I have considered and reject each of the grounds of asserted invalidity, in consequence of which the application must be dismissed. However, having formed a negative view about aspects of the manner in which the maintenance plan has been sought to be implemented, I provide some comments aimed at minimising the prospect of future disputation.
Is the maintenance plan a budget or budget variation?
Section 100 of the Act is concerned, according to its heading, with administrative and reserve funds and contributions.
Section 100 also provides (by s 100(2A)) for the compulsory requirement, in the case of 'designated strata companies', of a 10 year plan. The definition of 'designated strata company' includes a strata company for a scheme with 10 or more lots (the Act s 100(7)). The strata company is a designated strata company.
Section 100(2A) of the Act prescribes the following as contents of a 10 year plan:
(i)the common property and the personal property of the strata company that is anticipated to require maintenance, repair, renewal or replacement (other than of a routine nature) in the period covered by the plan; and
(ii)the estimated costs for the maintenance, repairs, renewal or replacement; and
(iii)other information required to be included by the regulations[.]
Regulation 77(1) of the Strata Titles (General) Regulations 2019 (WA) (Regulations) prescribes a further lengthy list of inclusions for purposes of s 100(2A)(iii) of the Act, including:
…
(g)the method by which the estimated costs for the maintenance, repair, renewal or replacement of the covered items, as set out in the 10 year plan, were determined, including any assumptions underlying that determination;
(h)a plan or recommendation for the funding of the estimated costs for the maintenance, repairs, renewal or replacement of the covered items.
…
Where required, a 10 year plan must be a continuous and enduring feature of a scheme's financial affairs. This is made apparent by s 100(2A)(b) of the Act requiring that a designated strata company ensure:
that the 10 year plan is revised at least once in each 5 years and that, when revised, the plan is extended to cover the 10 years following the revision.
Accretions to and deductions from the administrative and reserve funds of a strata scheme occur as part of the annual budgetary process particularised in s 102 of the Act. In particular, according to s 102(2) of the Act, the budget must be prepared 'taking into account … the 10 year plan for the reserve fund'. That is to say, in calculating the size of the reserve fund, regard should be given to the likely cost of maintenance and replacement set out in the current 10 year plan.

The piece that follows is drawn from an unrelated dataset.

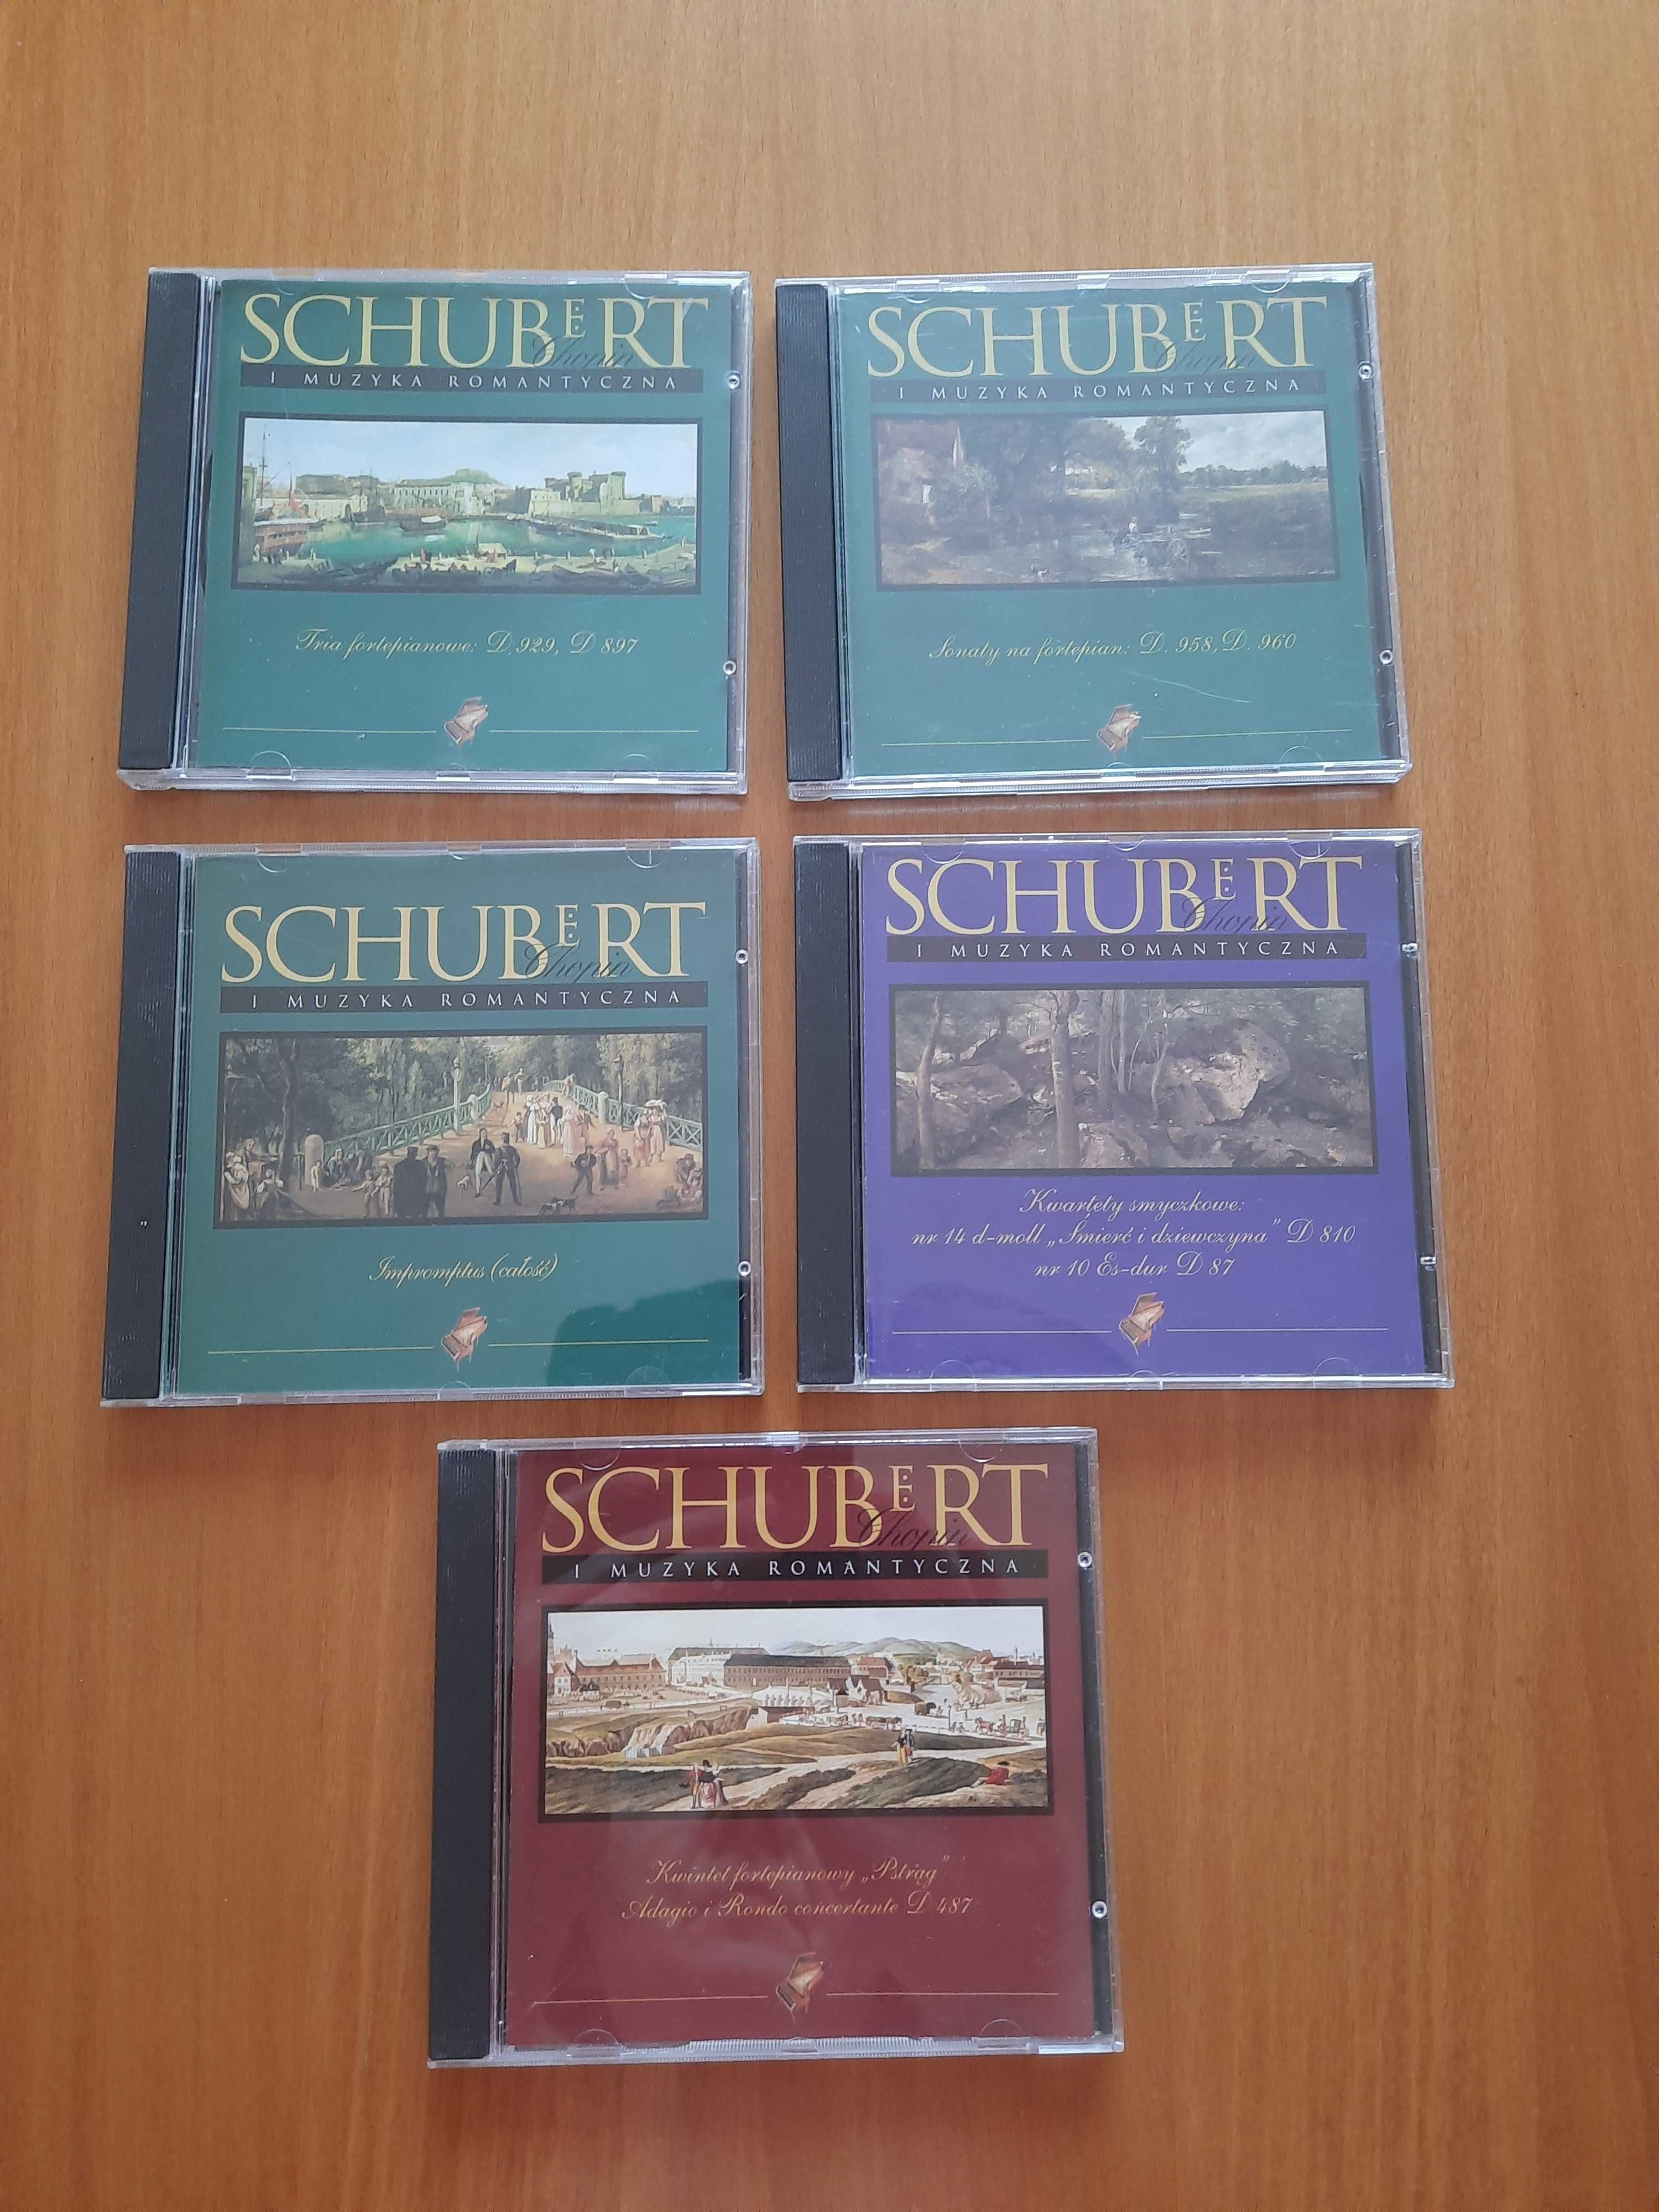 Schubert - muzyka romantyczna
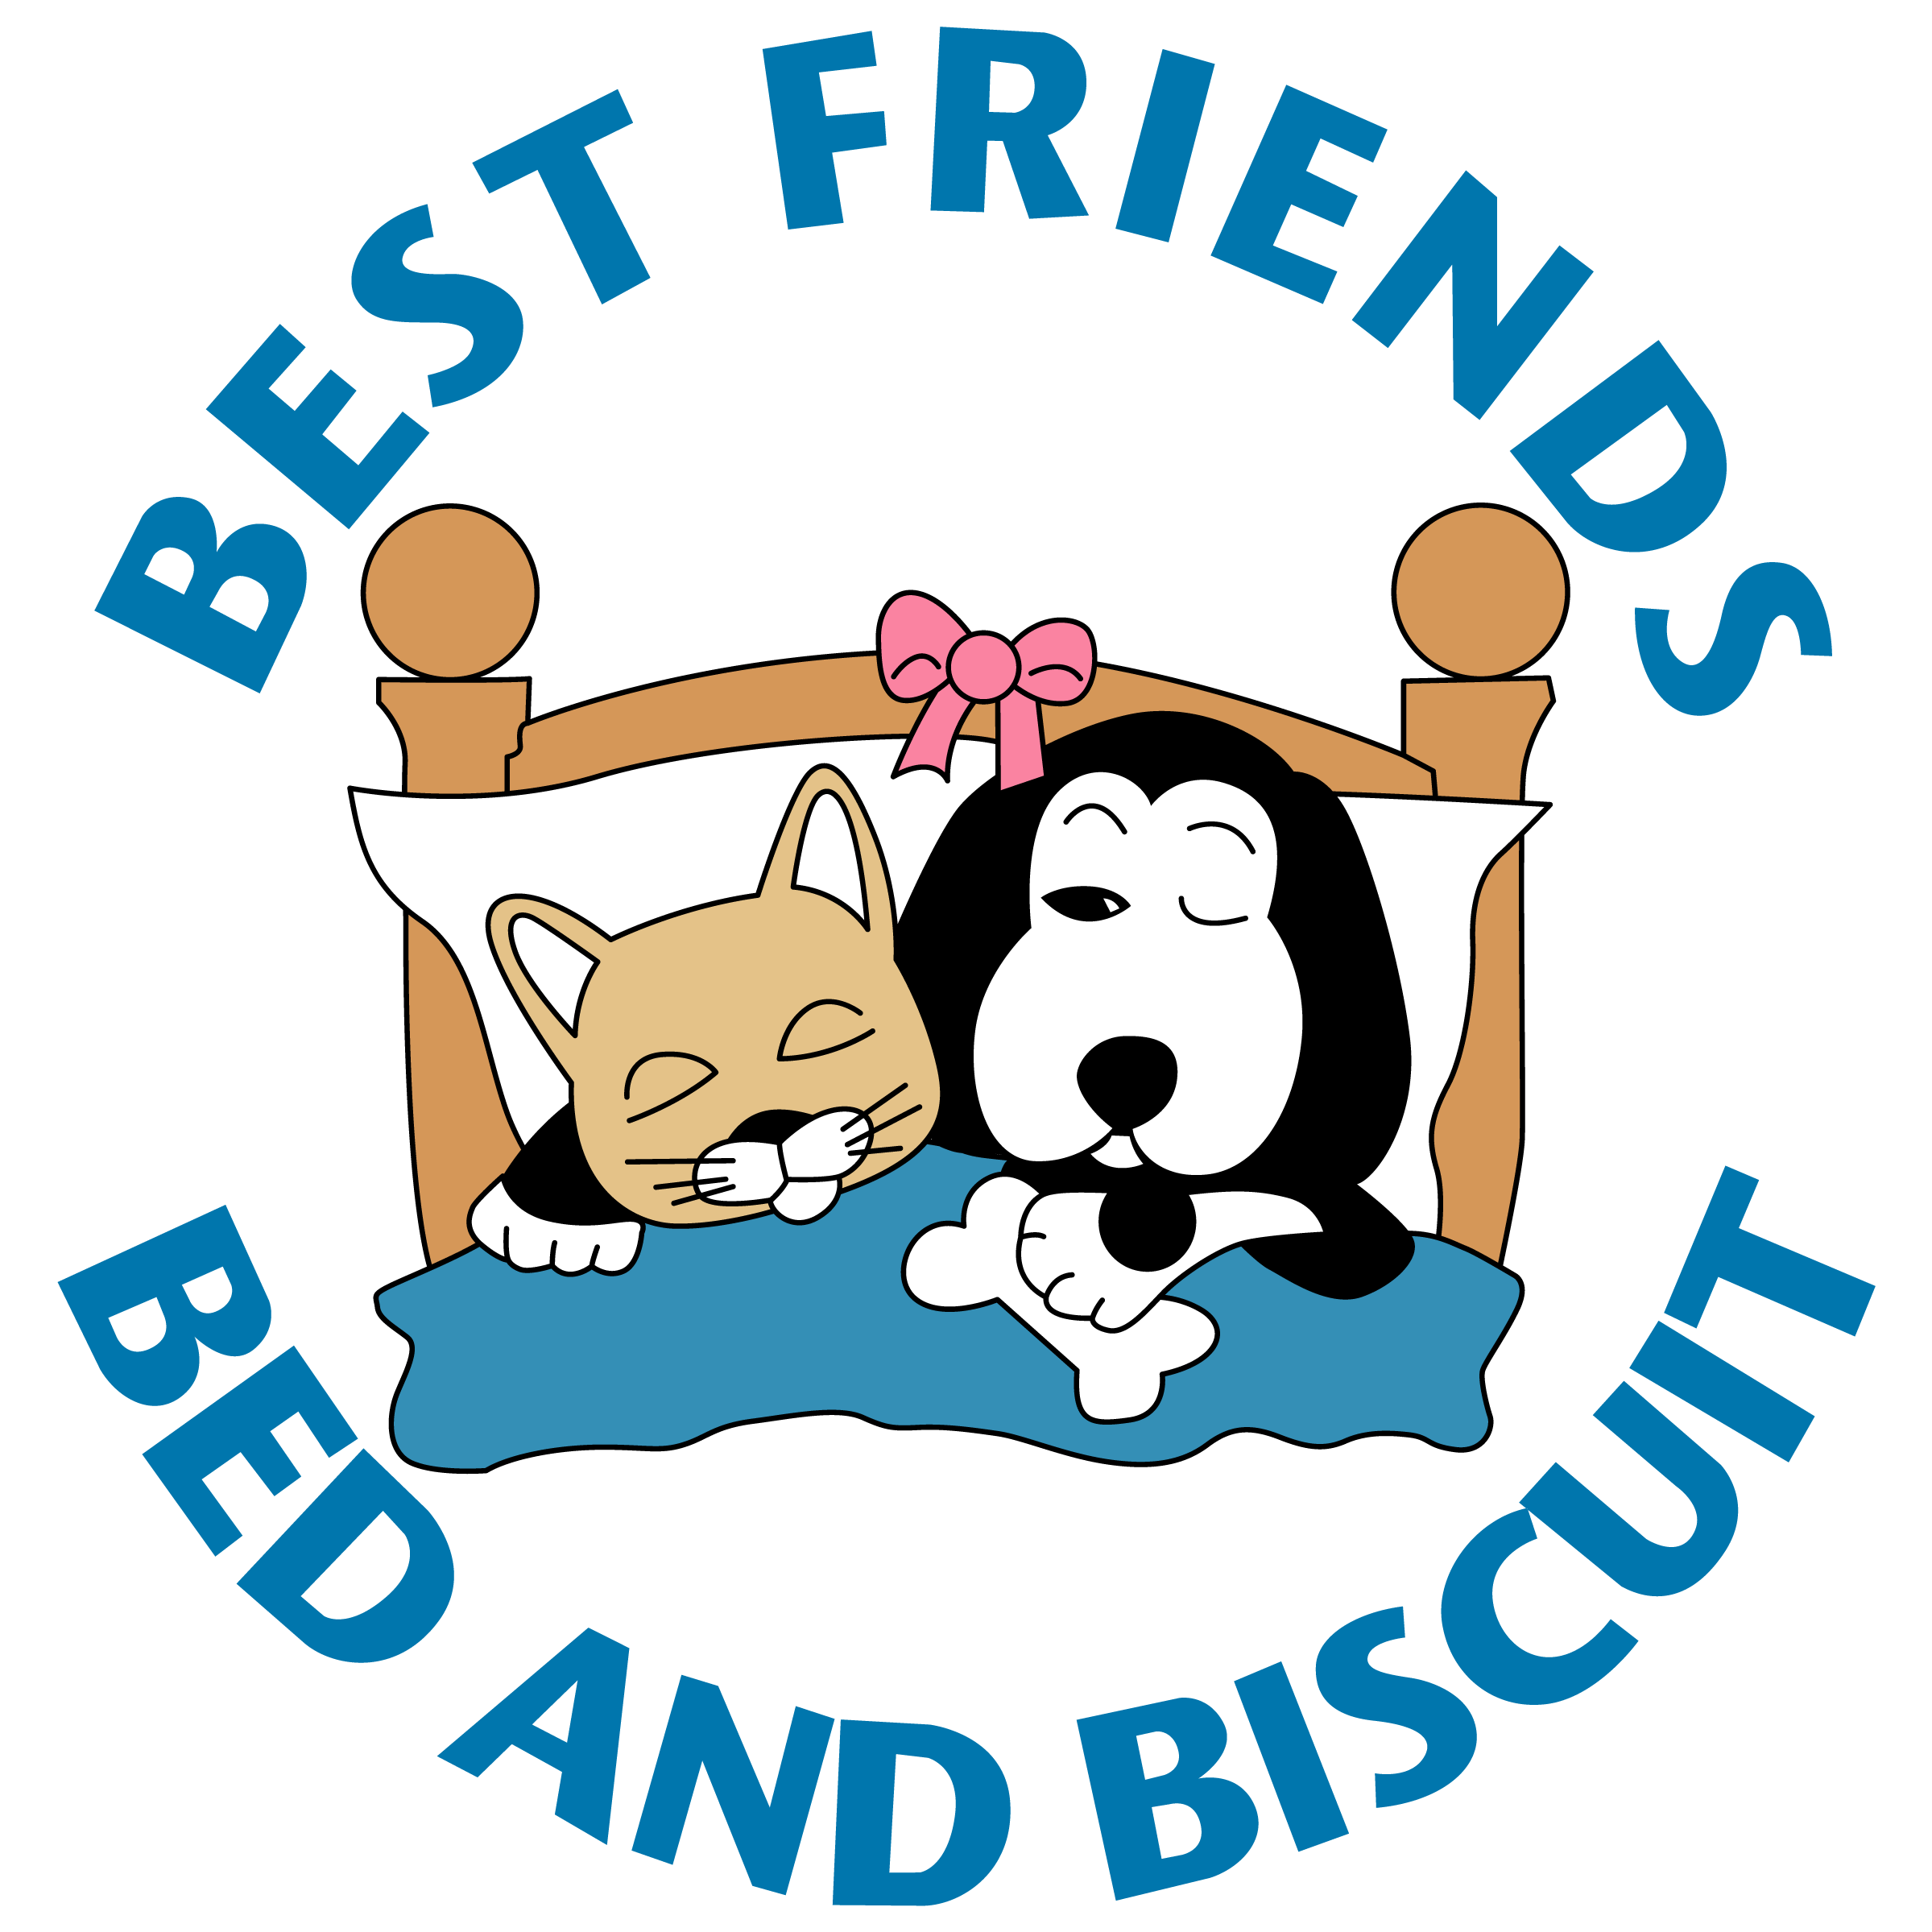 Best Friends Bed & Biscuit

The strata company budget, on the one hand, and the 10 year plan, on the other, are interconnected, but quite distinct.
The budget regulates the financial affairs of the strata company from year to year, and provides the strata company's mandate to raise contributions from owners and make expenditure.
The 10 year plan is just that: a plan, in a state of perpetual revision, setting out (among other things) the types of non-routine maintenance and replacement anticipated for the duration of the plan, their estimated cost, how the cost was calculated, and a recommendation to fund that cost. It plays a role in the budgetary process, but cannot usurp the role of the budget as the strata company's authority to levy contributions and incur expenditure.
The applicants' contention that the maintenance plan is, in fact, a budget or budget variation is based on the nature of the maintenance plan and the intention as to how it would operate. As to the latter, reliance is placed on the asserted facts that it imposes financial obligations on lot owners and commits the strata company to specific expenditure over a fixed 10-year period.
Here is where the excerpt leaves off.